Oui, vous disposez d’un délai pour signaler une anomalie à l’organisme certificateur du diagnostiqueur (coordonnées en pied de rapport). Une médiation ou contre-expertise peut être demandée. Le DPE étant opposable depuis 2021, un classement erroné engage la responsabilité du diagnostiqueur.
Quel délai prévoir pour obtenir un DPE avant une signature ?
Un diagnostiqueur réactif intervient sous 5 à 10 jours ouvrés et remet le rapport le jour même ou sous 48 heures.

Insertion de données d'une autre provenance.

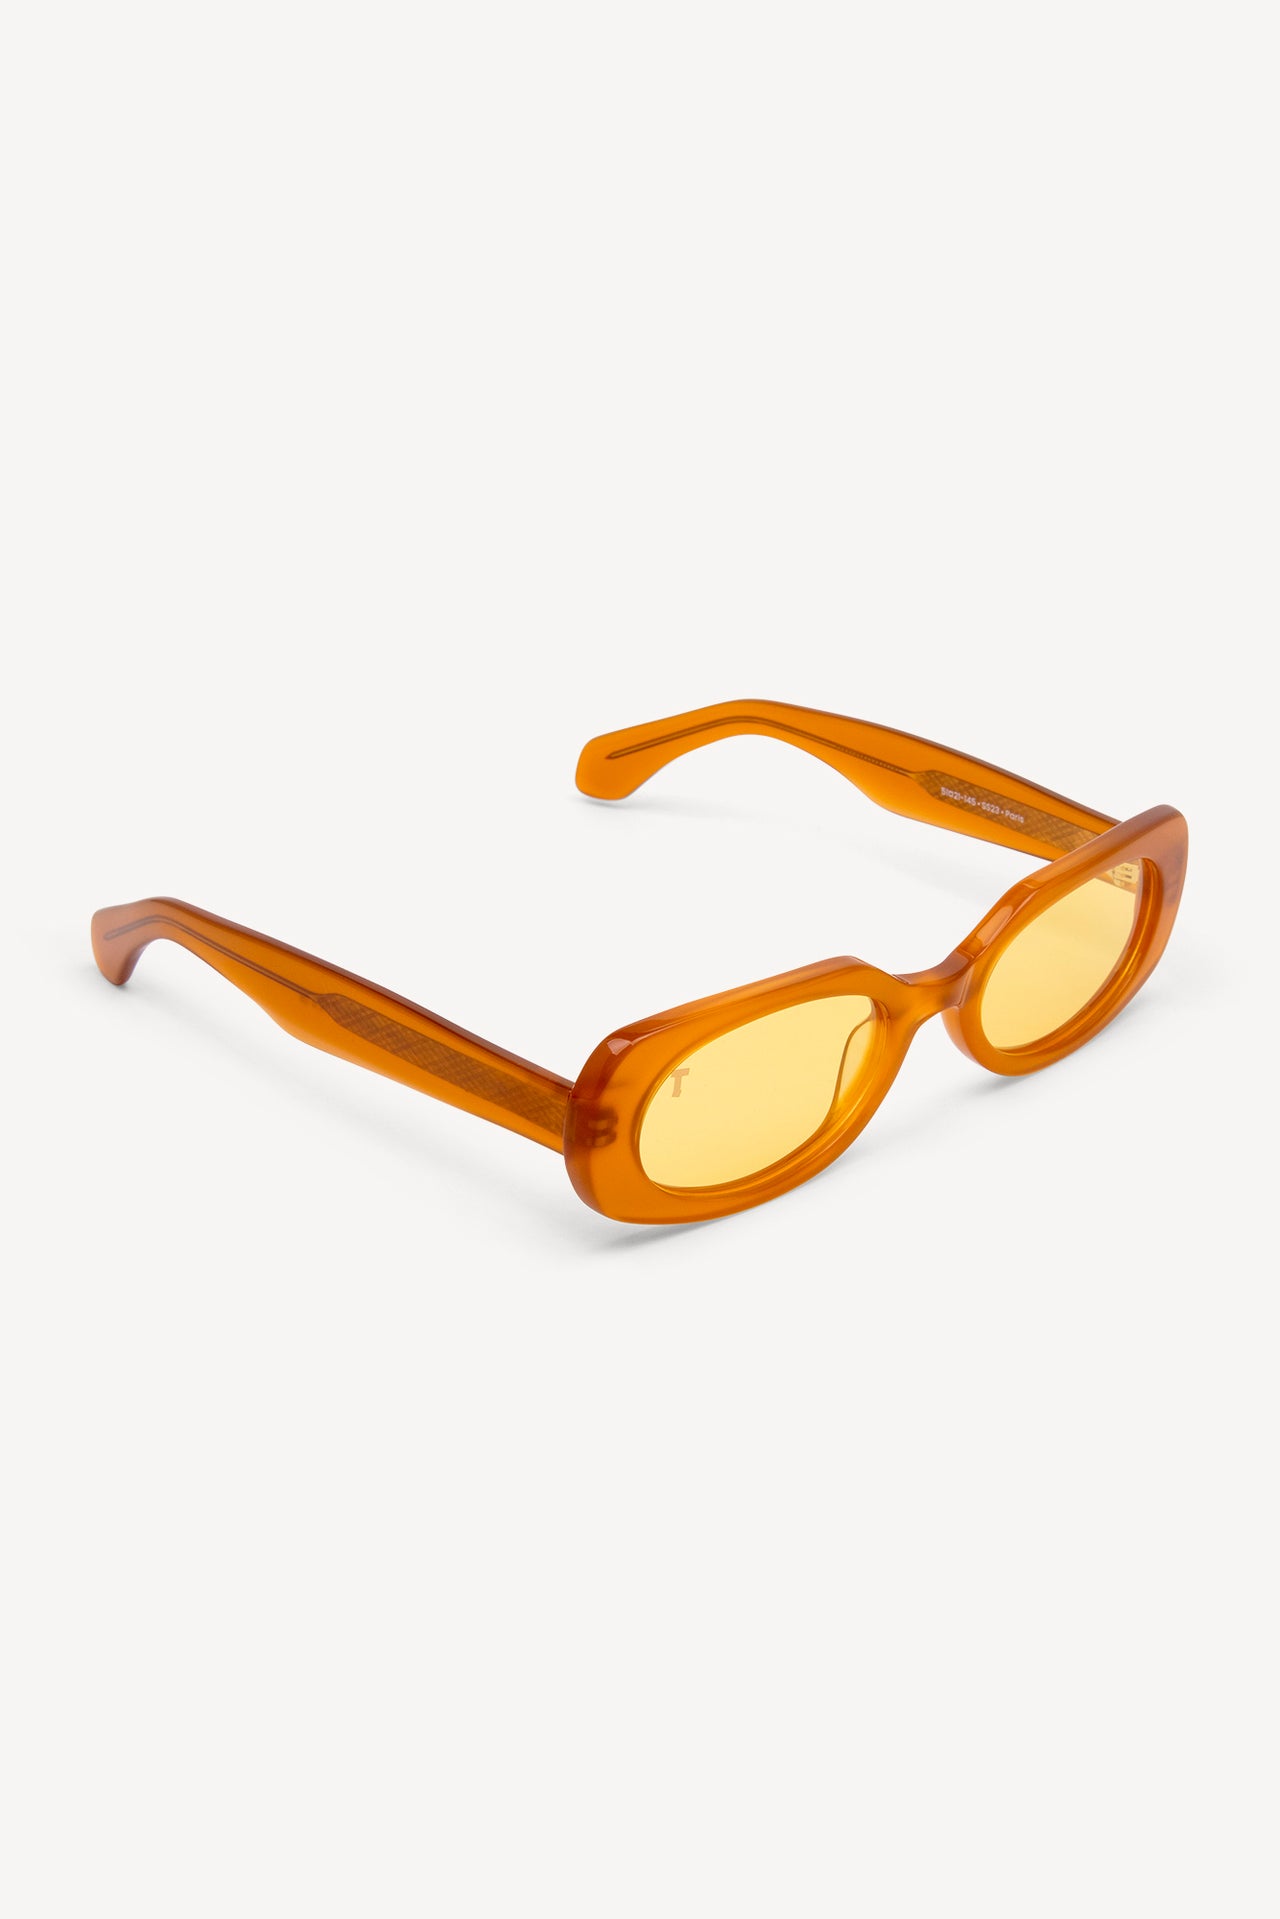 TOATIE Paris Rectangular Sunglasses ORANGE/YELLOW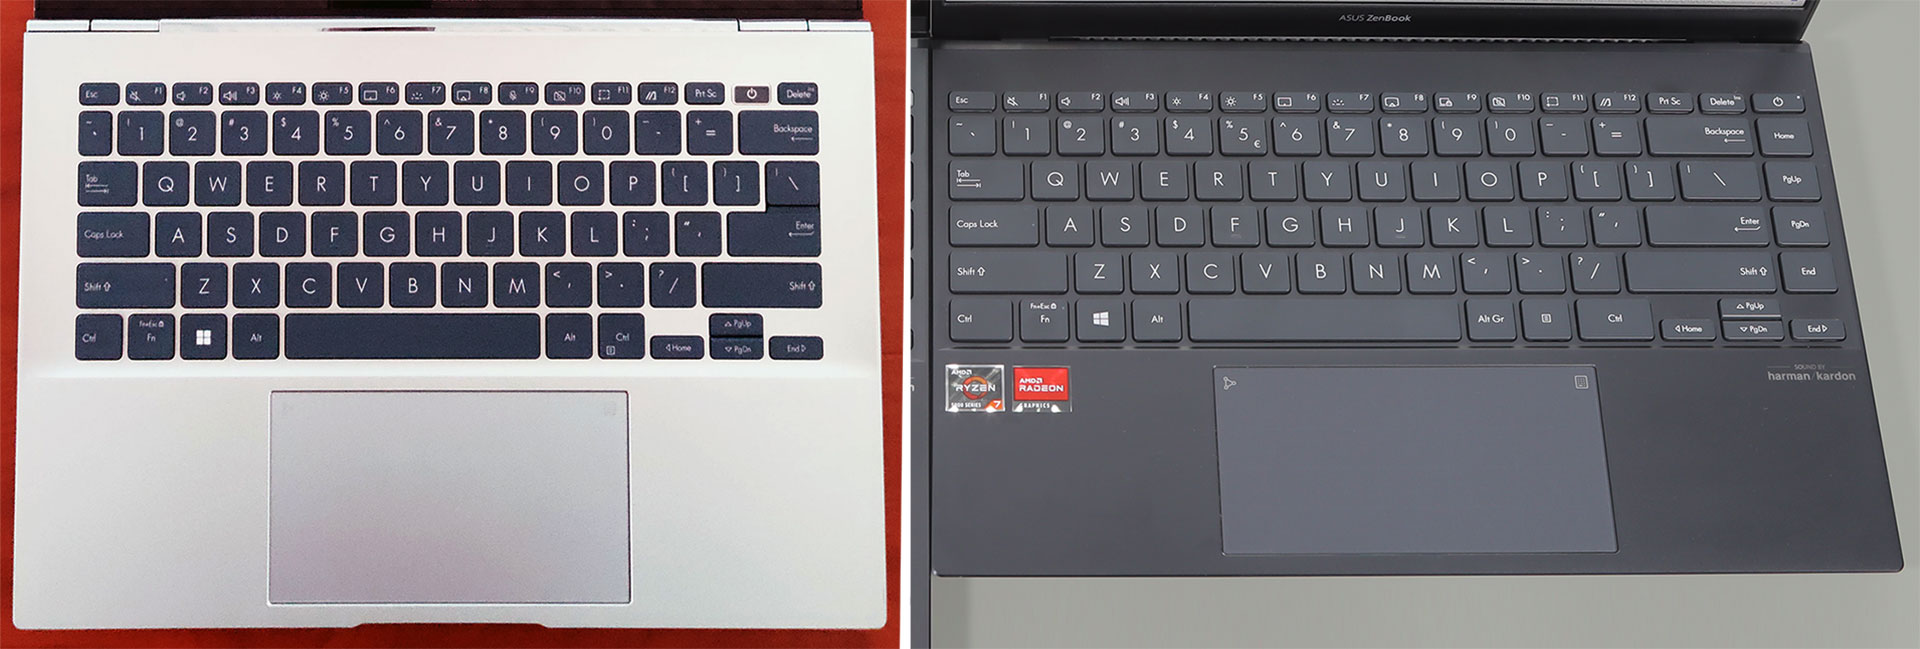 2022 ZenBook 14 UX4302 (left) vs 2021 ZenBook 14 UX425 (right)

Dans les Pyrénées-Orientales, CDRM garantit une intervention sous 24 heures pour respecter vos délais de compromis ou d’acte authentique.
Limites de cet article et démarches complémentaires
Limites de cet article :
- Les seuils et calendriers réglementaires présentés sont applicables en 2026 mais peuvent évoluer par décret
- Chaque bien nécessite un diagnostic personnalisé par un professionnel certifié pour déterminer sa classe énergétique réelle
- Les coûts de travaux varient fortement selon configuration du logement, zone géographique et artisans consultés
- Cet article ne remplace pas un conseil juridique ou technique adapté à votre situation
Risques explicites :
- Réaliser des travaux sans diagnostic préalable peut conduire à des investissements non prioritaires
- Ne pas respecter les obligations de performance énergétique expose à des sanctions (interdiction de louer, amende administrative)
- Un DPE erroné peut être contesté dans un délai limité auprès du diagnostiqueur ou organisme certificateur
Organismes à consulter : diagnostiqueur immobilier certifié, notaire (pour questions juridiques transaction), ADIL (Agence Départementale d’Information sur le Logement) pour conseil personnalisé gratuit.